Our conversations would last five minutes before she’d be packing her bags.

Opening the Hood

But once I knew that about her—once I understood what was happening under the hood—everything changed.

It’s like opening the engine and seeing the spark plugs. Now she can take ownership and work on that piece. That’s her responsibility.

But it also tells me: Oh, that’s what happens to you. Now I can be empathetic.

So when I say, “Hey, yesterday, you know, I had these feelings,” and she says, “Well, I’m packing my bags,” I don’t judge her for packing her bags. I think, “Of course she’s going to say that.”

And I don’t say it out loud, but I understand that’s her pattern.

If I start saying, “Oh, well, you’re packing your bags? I’m packing mine,” now we’re up here, and we’re just butting heads. But if I go to the source—“You must be feeling unsafe right now. What’s happening with you?”—the conversation becomes completely different.

Addressing the Right Person

This is why you have to know your partner’s story.

I need to address the 15-year-old who is scared and thinks she’s in trouble. Or the 6-year-old. If I address that Vanessa, the conversation is completely different than if I address the 38-year-old.

So instead of saying, “Hey, we need to talk. I’m kind of upset. That thing you did really pissed me off,” which is how most people go into fights, I say, “Hey, listen. You’re amazing. There’s nothing wrong with you. But here’s something I see that we should work on.”

That’s going to create a very different conversation. Because now people are responding instead of reacting.

What Avoiding Conflict Does to You

When you avoid conflict, you’re not protecting the relationship. You’re protecting yourself from discomfort.

And I get it. Conflict triggers your nervous system to go into fight-or-flight. Your body is telling you: I’m not safe. You’re not safe to me because you’re making me feel like I’m in fight-or-flight mode for too long.

But here’s what happens when you consistently avoid it: You start holding in resentment. Small annoyances become big betrayals because they never got addressed when they were small.

You lose trust because your partner doesn’t actually know you. They know the edited version. The performance.

You stop feeling safe because you’re constantly monitoring yourself: What can I say? What will set them off? What will make them leave?

And eventually, you look at your partner and realize: I don’t even know if they actually like me. They only know the version I’ve been showing them.

How to Fight Without Fighting

The goal isn’t to never have conflict. The goal is to learn how to fight without assassinating each other’s character.

It means staying in the room even when it’s uncomfortable. Not threatening to leave every time things get hard. Not packing your bags or mentally swiping to the next person as a way to soothe yourself.

Sometimes you need to take a break. Sometimes your nervous system is so dysregulated that you need to say, “I need 20 minutes,” and come back when you’re not in full fight-or-flight.

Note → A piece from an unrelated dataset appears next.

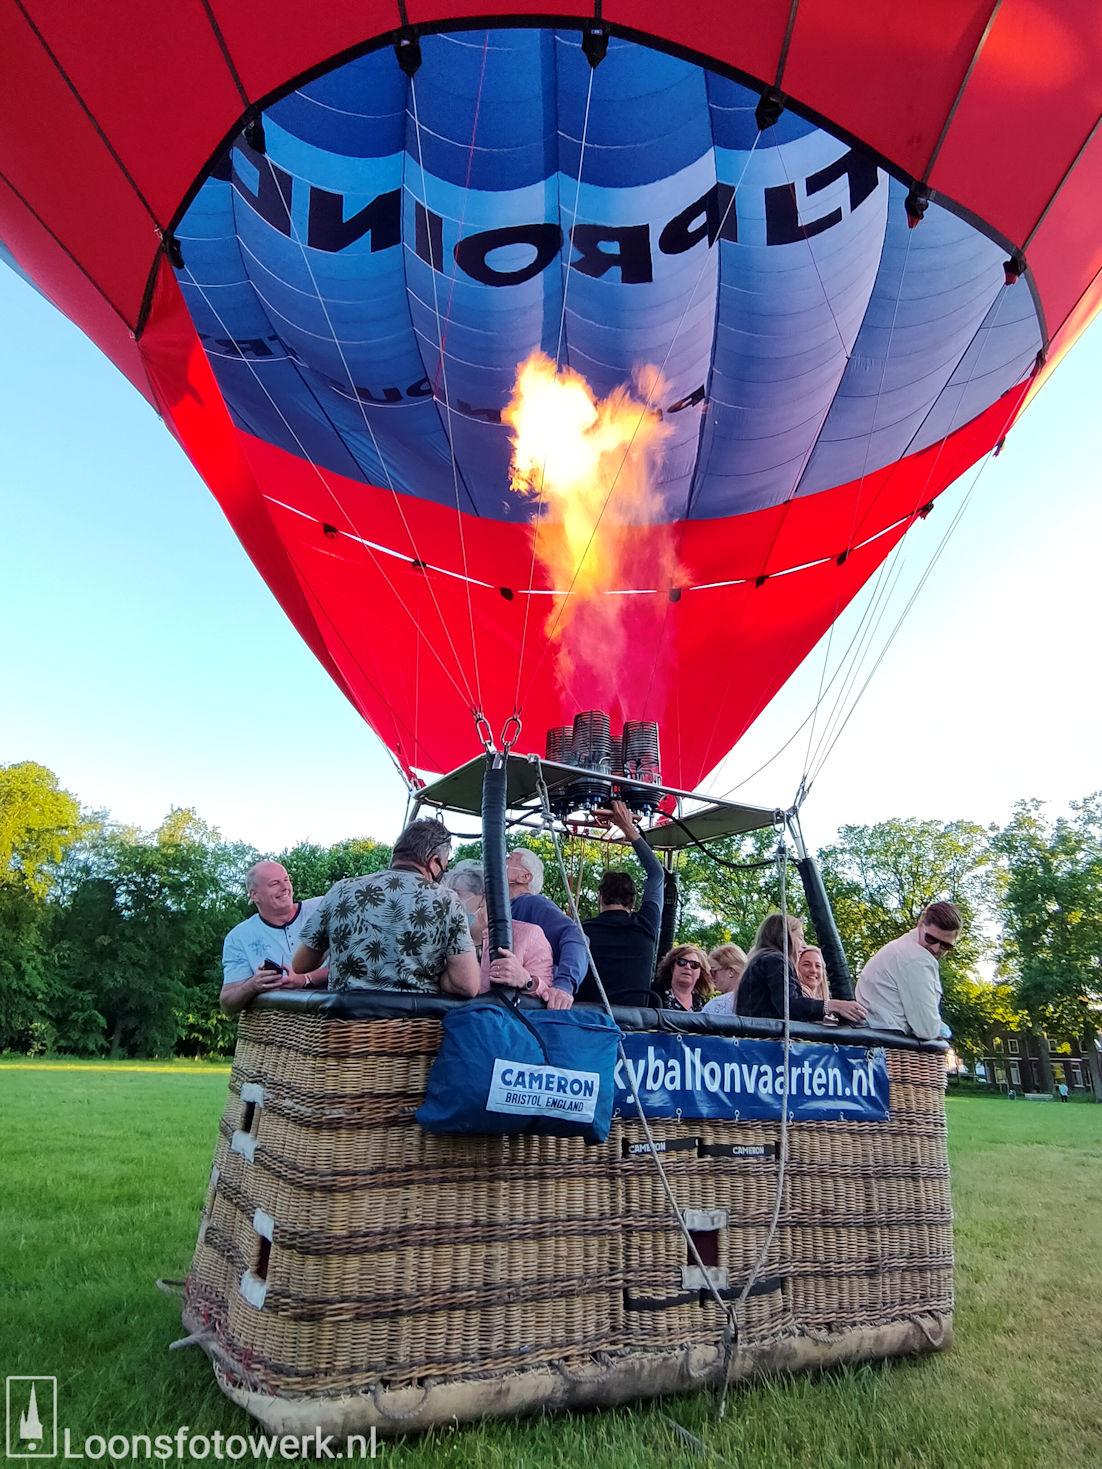 Ballonvaart vanaf de Kasteelweide 25

Related: How the Need to Be Right Destroys Relationships

But you come back.

Nathan Dumlao / Unsplash

Source: Nathan Dumlao / Unsplash

Over time, I learned that when Vanessa says, “Let’s talk about this after dinner. I’ll come back,” I’m okay with it now. Because I know she’ll come back. She said that, and then she did come back. So now if we get into a fight, and she gets heated and says that, I trust it.

The Real Question

So if you’re in a relationship where you never fight, ask yourself: Are we actually connected, or are we just avoiding each other?

Are you being honest about what you need, or are you editing yourself to keep things smooth?

Because the relationship where you can say hard things and still feel loved? That’s the one worth staying in.

The one where you have to pretend? That’s the one that will slowly kill you.